Living with a herniated disk can be extremely painful. People with a herniated disk usually do not require surgery, but doctors recommend physical therapy to manage the symptoms. Gentle exercises and safe stretches can help provide pain relief, improve flexibility, and speed up healing. Light physical activity, such as stretches and gentle exercises, also helps to prevent herniated disks from recurring. This blog outlines six safe stretches and exercises that people with herniated disks can practice to manage pain and speed up recovery.
What is a Herniated Disk?
Your spine consists of vertebrae separated by jelly-like disks. These disks allow for movement in the spine, keep the vertebrae in place, and cushion the joints during impact. Each disk is composed of a soft inside (the nucleus) and a tough outer portion (the annulus). A herniated disk occurs when a nucleus leaks through the annulus and irritates the surrounding nerves.

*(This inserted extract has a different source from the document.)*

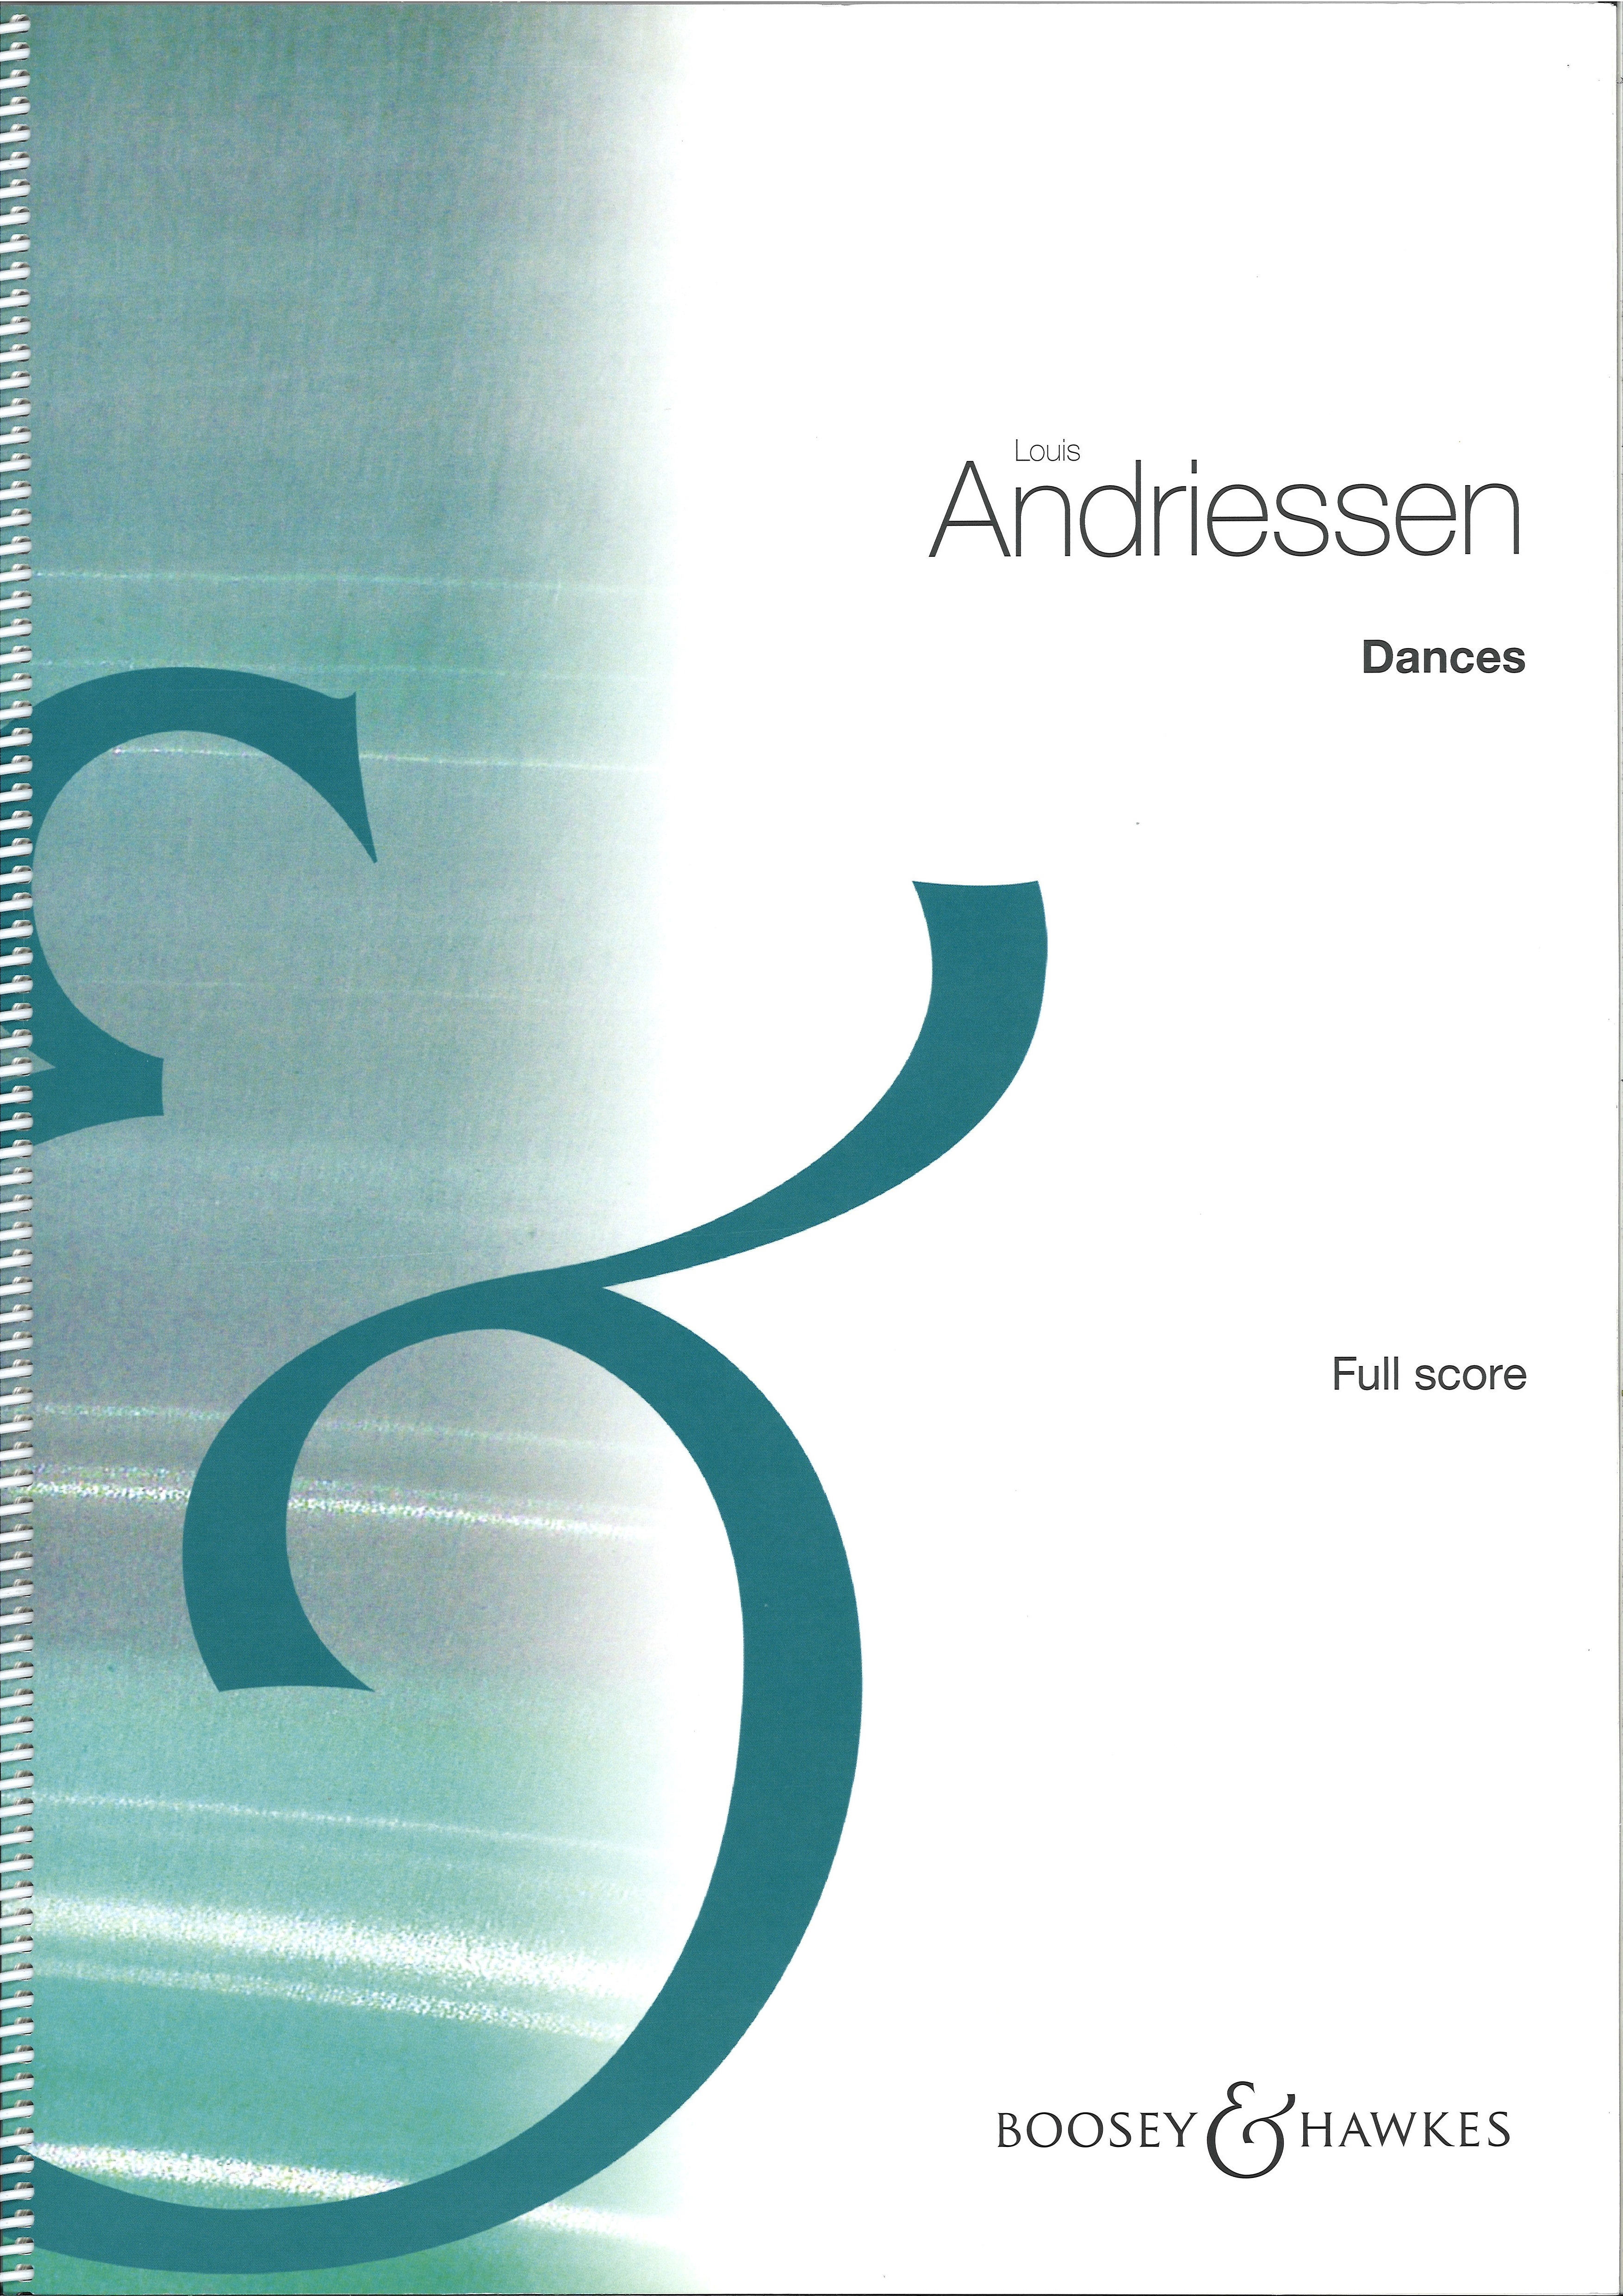 Andriessen Dances Full Score Sheet Music Songbook

Exercises and Stretches for a Herniated Disk
Here are some exercises and stretches to help relieve the pain caused by a herniated disk.
1. Neck Stretches
Try the following neck stretches to relieve pain and pressure from a herniated disk:
- Sit upright in a chair
- Tilt your head back against the headrest and then down towards the chest, stretching your neck
- Tilt your head toward the left shoulder and then toward the right shoulder
- Repeat these stretches several times.
2. Neck Retraction (chin tuck)
A neck retraction, also known as a chin tuck, can help mobilize and strengthen neck muscles and relieve pain caused by a herniated disk:
- Lie on your back with your head on the bed and hands by your sides
- Tuck your chin in toward your chest to form a double chin
- Hold this retraction for 5 to 10 seconds and repeat 15 to 20 times
3. Back Flexion Stretch
This stretch impacts the spine and back muscles and alleviates pain from a herniated disk:
- Lie on your back and hold both knees to your chest
- Move your head forward to meet your knees until you feel a gentle stretch in the mid and lower back
- Hold this position for 15 to 30 seconds
- Repeat several times
4. Piriformis Muscle Stretch
The piriformis muscle is situated deep in the hip section. Follow the steps below to stretch this muscle:
- Lie on your back
- Bend your knees with both heels on the floor
- Cross one leg over the other so that your ankle rests on the bent knee
- Gently pull the crossed knee toward the chest until you feel a gentle stretch in your hip and glute muscles
- Hold this position for 15 to 30 seconds
- Repeat on both sides
5. Spinal Decompression Stretch
Many variations can help you decompress your spine. The prone position is an excellent stretch for beginners. Here’s how it works:
- Lie on your back and bend your knees with your feet flat on the floor
- Lift your arms, keeping them straight, and rest them behind your head
- Breathe deeply, allowing your spine to relax and stretch
- Hold this position for five breaths and repeat as needed
6. Prone Extension Stretch
The prone extension stretch is an excellent exercise to alleviate pain from the herniated disk. Here’s how to do it:
- Lie down on your stomach
- Put your hands on the ground and push yourself up onto your elbows while keeping your hips flat on the floor
- Push up on your hands to extend further if you want to make it more challenging
- Hold this position for 20 seconds
- Repeat a few times
How Long Does a Herniated Disk Last?
Typically, it takes people anywhere from two to eight weeks to recover from a herniated disk. However, some patients might take up to 6 months to fully recover. The recovery period depends on several factors, including the patient’s age, gender, physical activity, and any pre-existing conditions. The best way to manage your condition and recovery is to consult a pain management specialist.
Conclusion
Light physical activity can alleviate the pain of a herniated disk and speed up your recovery. However, before you take any steps, it’s best to consult a pain doctor about your case. At Oklahoma Spine & Pain Management, we have over 15 years of experience in spine and pain management. Our doctors will develop a personalized treatment plan for you to support a fast, long-term recovery. Call us at (405) 703-4950 to schedule an appointment.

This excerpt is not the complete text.